Input data>
━━━
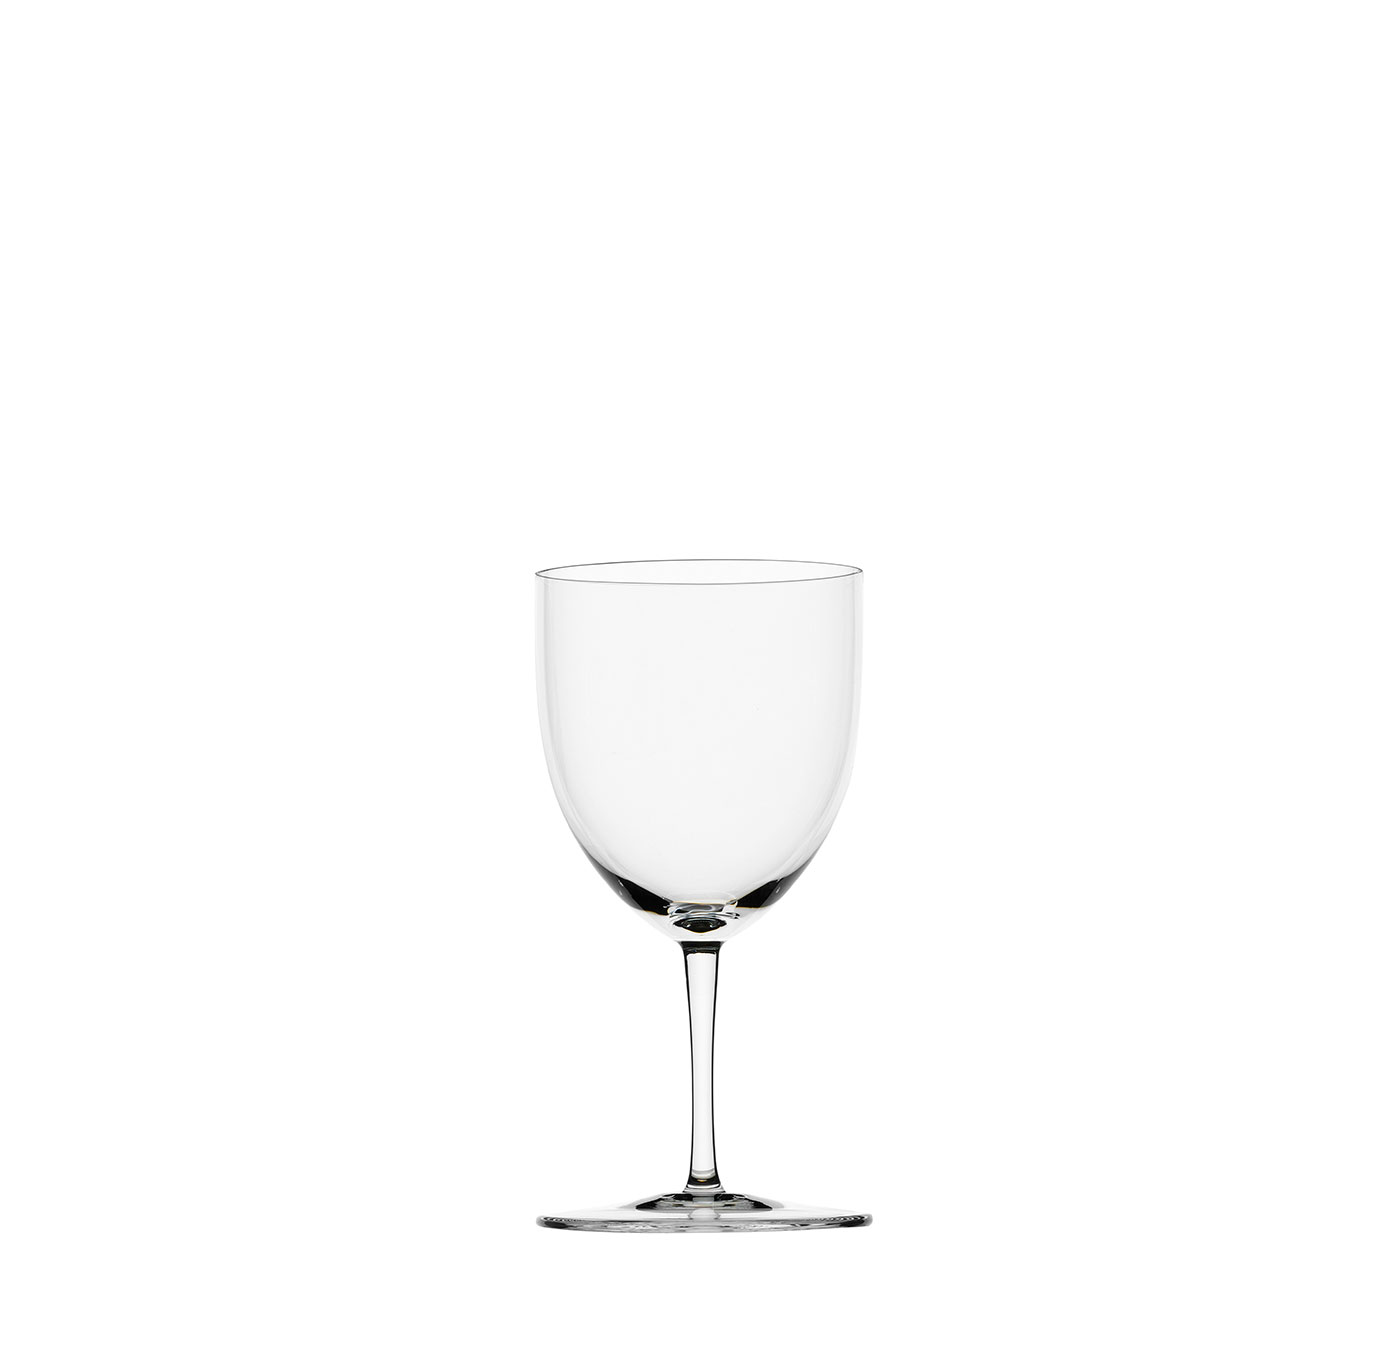 TS4GL Wine glass III.
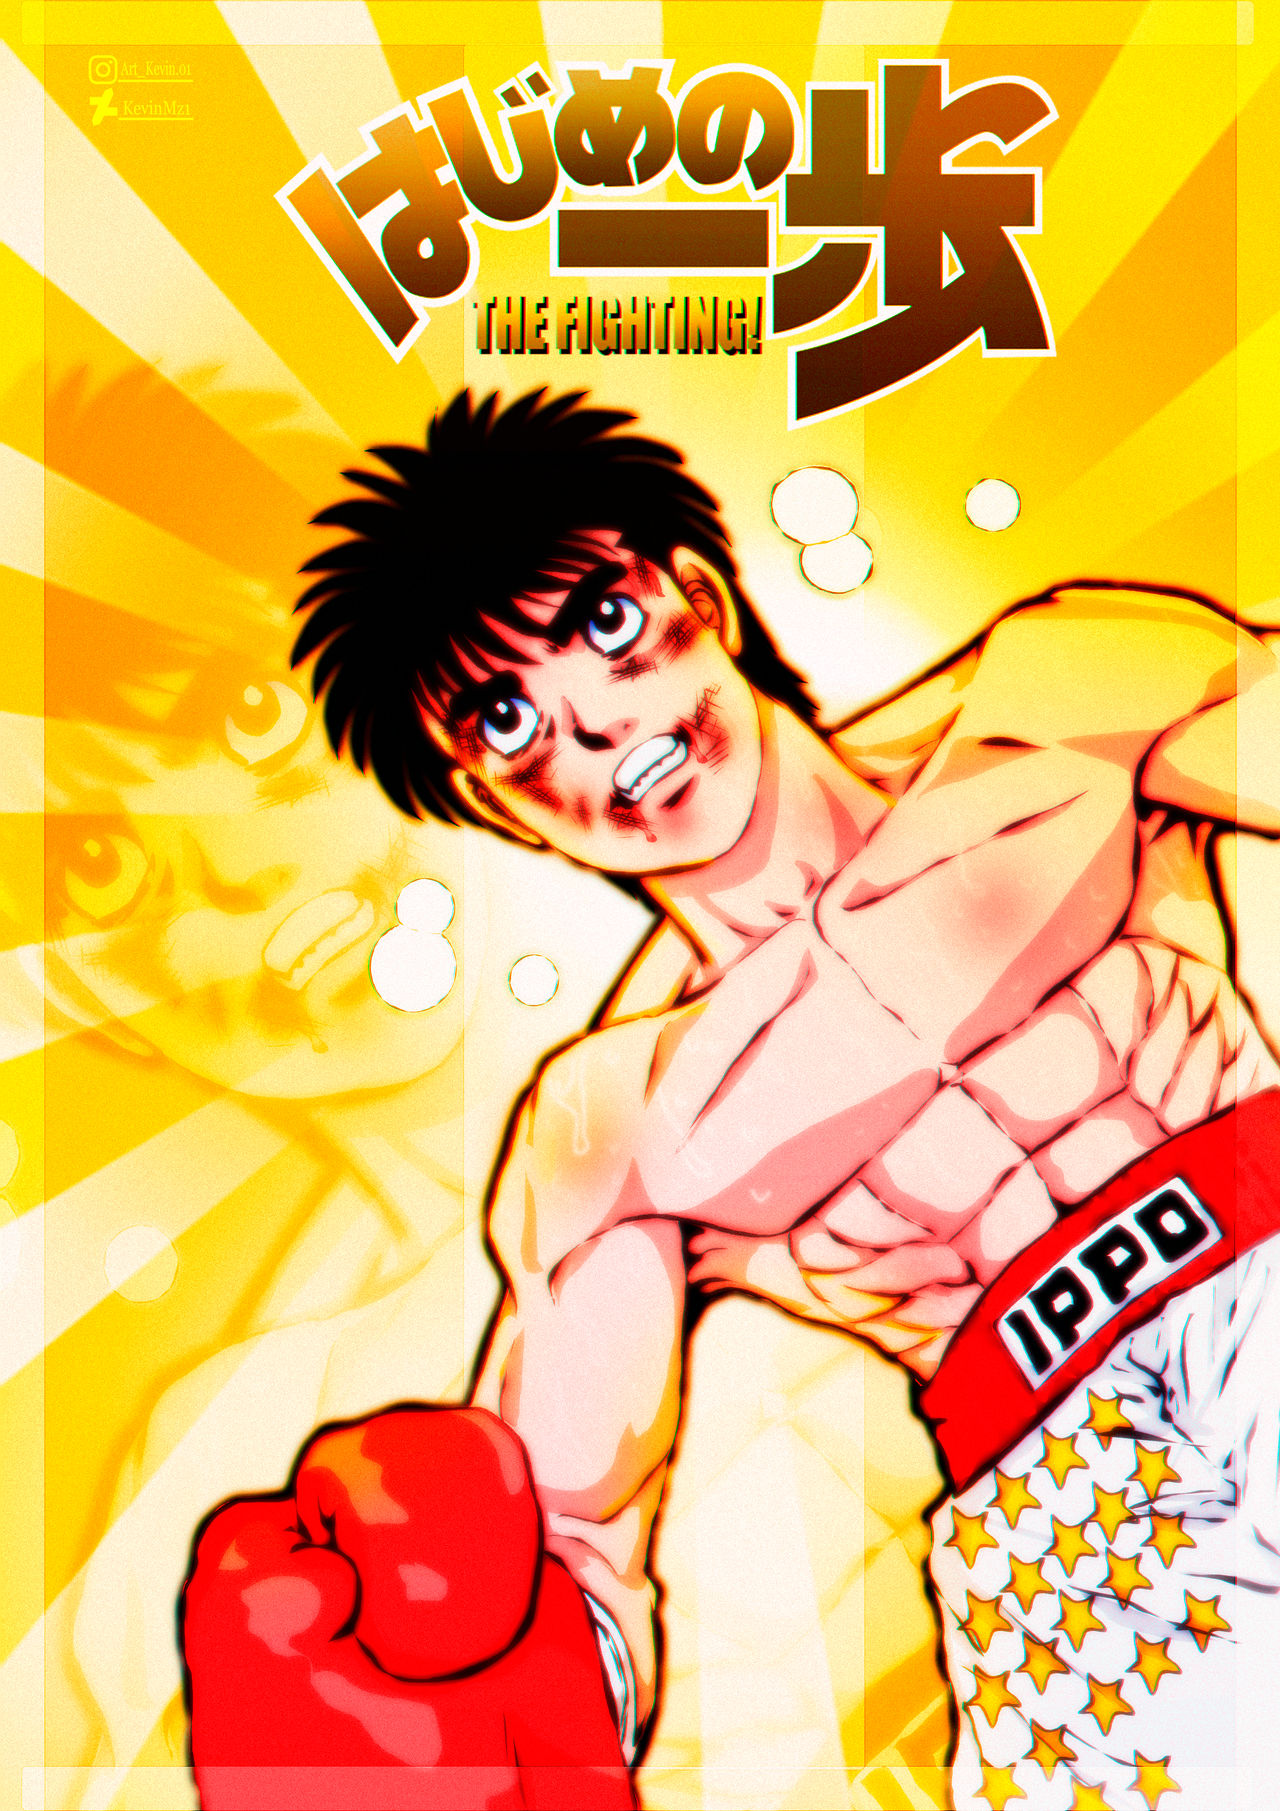 Ippo Makunouchi by Spero-Manga on DeviantArt
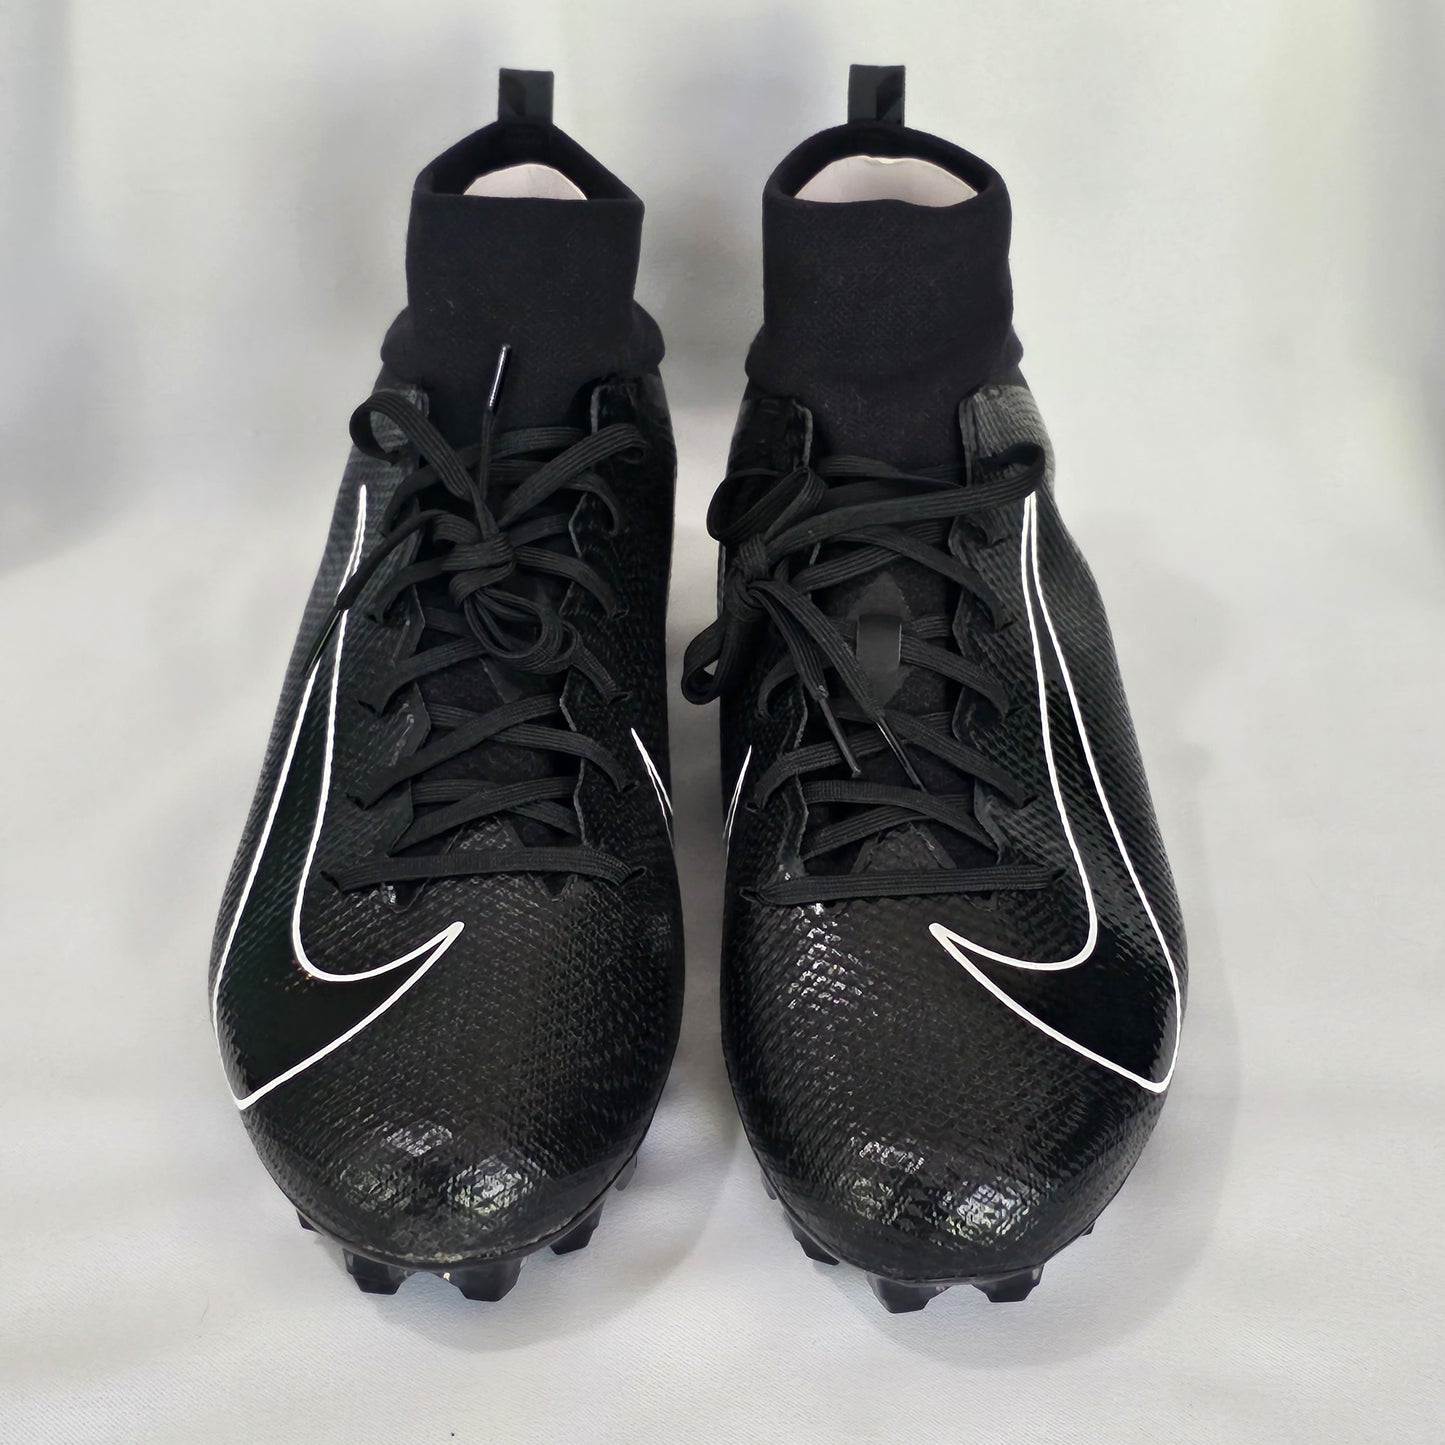 Nike Vapor Untouchable Pro 3 Mid Black Football Cleats in Box
━━━
Prompt>
Every line above must appear in the answer unchanged, and no picture may appear in it.

Exercise solution>
 TS4GL Wine glass III.
 Ippo Makunouchi by Spero-Manga on DeviantArt
 Nike Vapor Untouchable Pro 3 Mid Black Football Cleats in Box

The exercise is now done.